> For the complete documentation index, see [llms.txt](https://insightx-2.gitbook.io/whitepaper/llms.txt). Markdown versions of documentation pages are available by appending `.md` to page URLs; this page is available as [Markdown](https://insightx-2.gitbook.io/whitepaper/insightx-whitepaper/4.-insightx-core-revenue-model.md).

# 4. InsightX Core Revenue Model

InsightX's core competitiveness lies not only in technological innovation but also in its redefinition of the economic model of prediction markets. By deeply integrating AI-driven smart market making with DeFi primitives, InsightX has constructed a five-fold yield architecture, enabling continuous appreciation of user capital during the holding period, value capture at the protocol level, and a self-reinforcing cycle throughout the ecosystem. This model completely breaks the limitations of traditional prediction markets—"single bet, idle capital"—providing participants with multi-dimensional, sustainable, and scalable yield paths.

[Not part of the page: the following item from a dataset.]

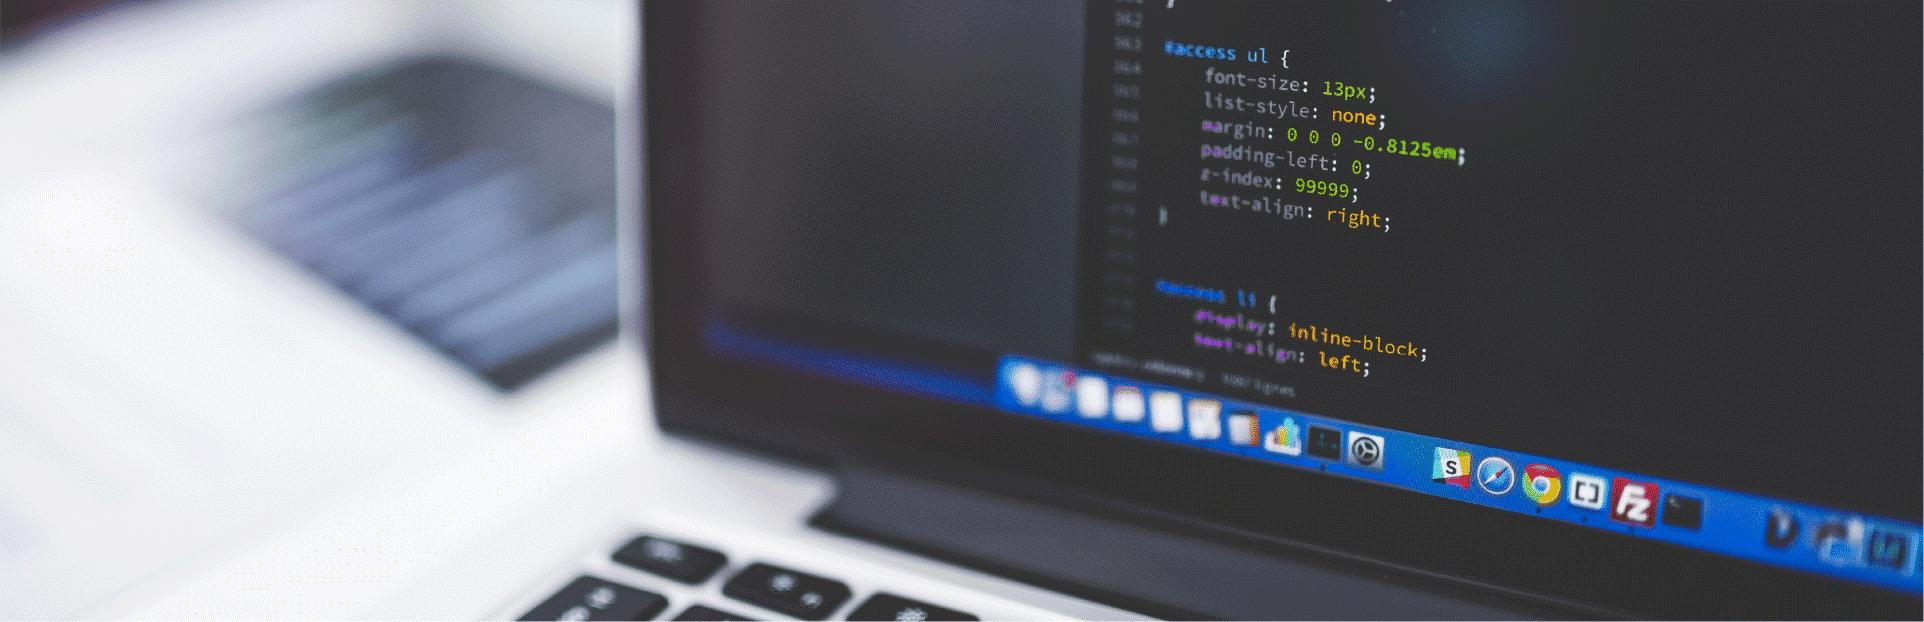 LTTR-Web-Development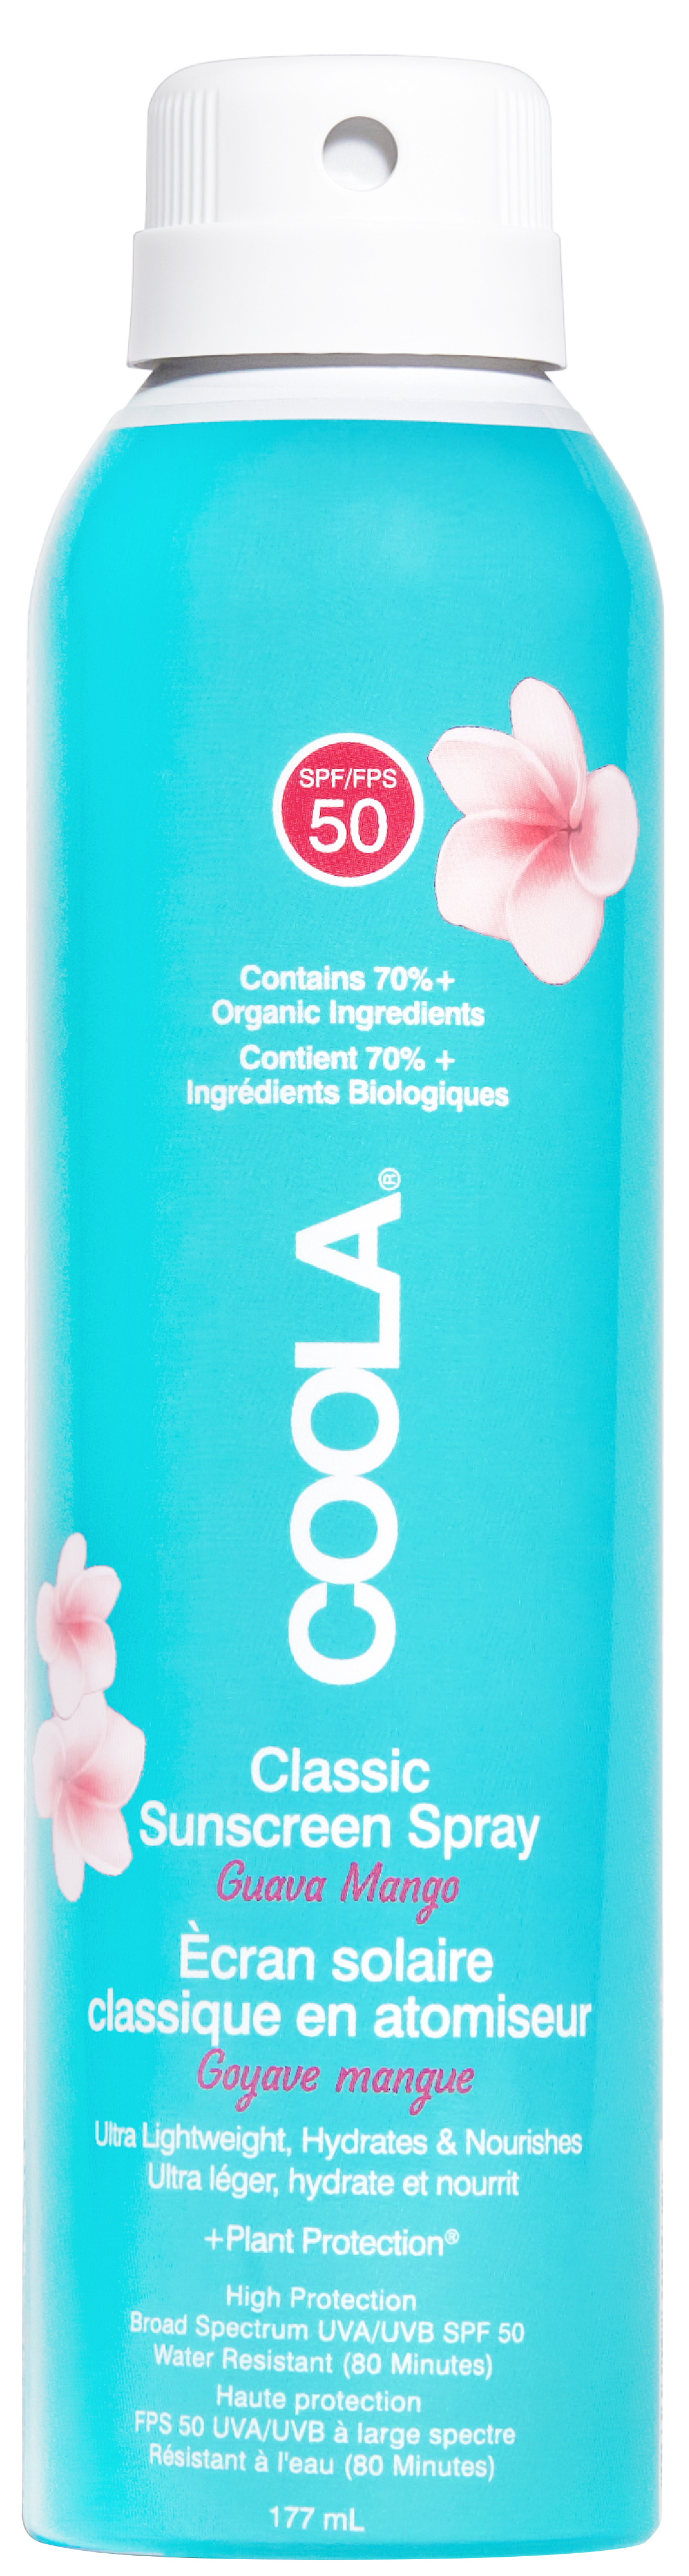 Coola Classic Body Spray Guava Mango SPF50

#### 4.1 Detailed breakdown of the five main sources of revenue

InsightX's revenue architecture consists of five interconnected modules, each optimized to address specific pain points of traditional prediction markets:

**Traditional market-making revenue** &#x20;

* As a full-chain liquidity provider, the protocol captures statistical advantage gains during the trade matching process through AI-optimized market-making strategies. The AI Agent monitors market depth, spreads, and volatility in real time, dynamically providing buy and sell quotes to achieve low-risk spread capture. This directly improves the protocol's overall liquidity while providing stable returns for liquidity providers.

**Stablecoin Yield** &#x20;

* Users can allocate stablecoin assets such as USDT and USDC to the protocol's built-in yield strategies to obtain basic, stable interest income. This module seamlessly integrates with traditional DeFi yield farms, allowing users to enjoy low-risk passive income beyond predictive holdings, further reducing opportunity costs.

**Trading Fees** &#x20;

* The transaction fees generated from each prediction market transaction will be distributed proportionally to INX platform token holders, eligible stakers, or ecosystem contributors according to the protocol rules. This mechanism creates a closed-loop incentive: increased trading volume directly translates into passive income for token holders, incentivizing long-term holding and enhancing network effects.

**Staking/Collateral Yield** &#x20;

* Users can stake any underlying asset (including cryptocurrencies, prediction market positions, RWA, etc.) to unlock additional staking rewards. Simultaneously, the protocol supports position restaking, allowing users to continue participating in multiple yield strategies using prediction positions as collateral without closing out their existing positions, significantly improving capital utilization.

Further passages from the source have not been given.